Results and Applications

The model's efficacy is evidenced in its ability to generate perceptually coherent 3D structure representations, as demonstrated by its alignment with human cognitive constructs such as symmetry hierarchy, adherence to Gestalt principles, and performance in fine-grained classification tasks. Notably, the GRASS model achieves significant advancements in shape classification and content-aware geometry synthesis, offering a marked improvement over voxel-based methods constrained by resolution limitations.

The implications of this work are significant for fields requiring advanced shape analysis and synthesis, such as computer graphics, CAD applications, and robotics. The ability to interpolate between shape codes further allows for morphing operations, which are applications of particular interest in animation and virtual reality.
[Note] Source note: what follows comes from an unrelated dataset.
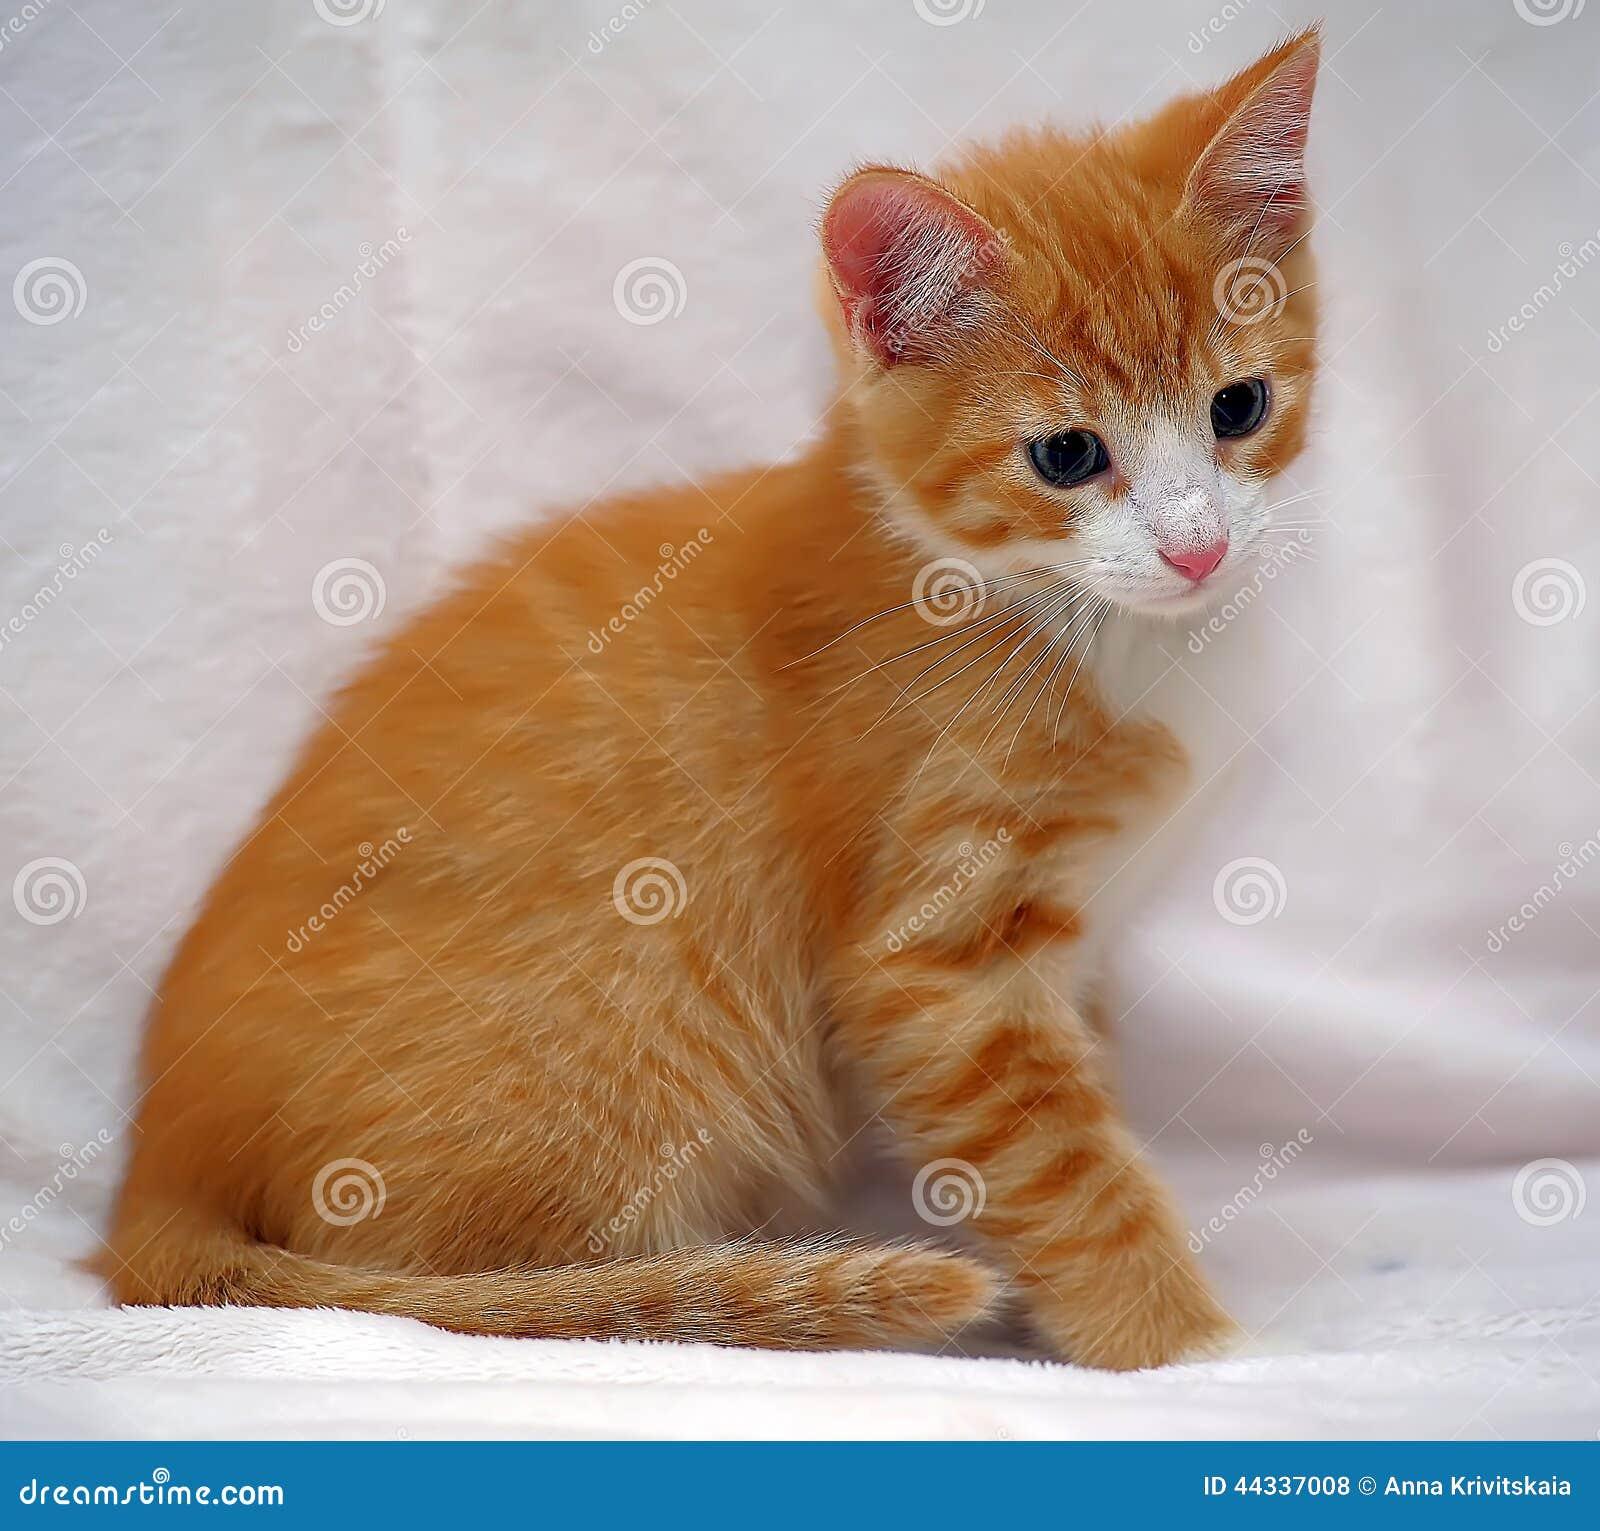 Cute Orange Kitten Blue Eyes Stock 2 259 s

Speculation and Future Directions

While the GRASS framework marks a distinguished advance in 3D shape modeling, it opens up pathways for further research. Future work could explore the integration of this recursive structure with existing methods for real-time applications or expand its application to more diverse object categories. Additionally, understanding the expressiveness and limitations of the fixed-length root codes warrants further exploration, particularly their capability to capture complex interactions and generative processes beyond symmetrical and connectivity-based hierarchies.

In summary, "GRASS: Generative Recursive Autoencoders for Shape Structures" presents an innovative approach to 3D shape structure generation, leveraging neural networks to effectively handle hierarchical complexities. This work offers a foundation upon which further advancements in shape synthesis and analysis could be built, holding promise for broad applications in technology and design disciplines.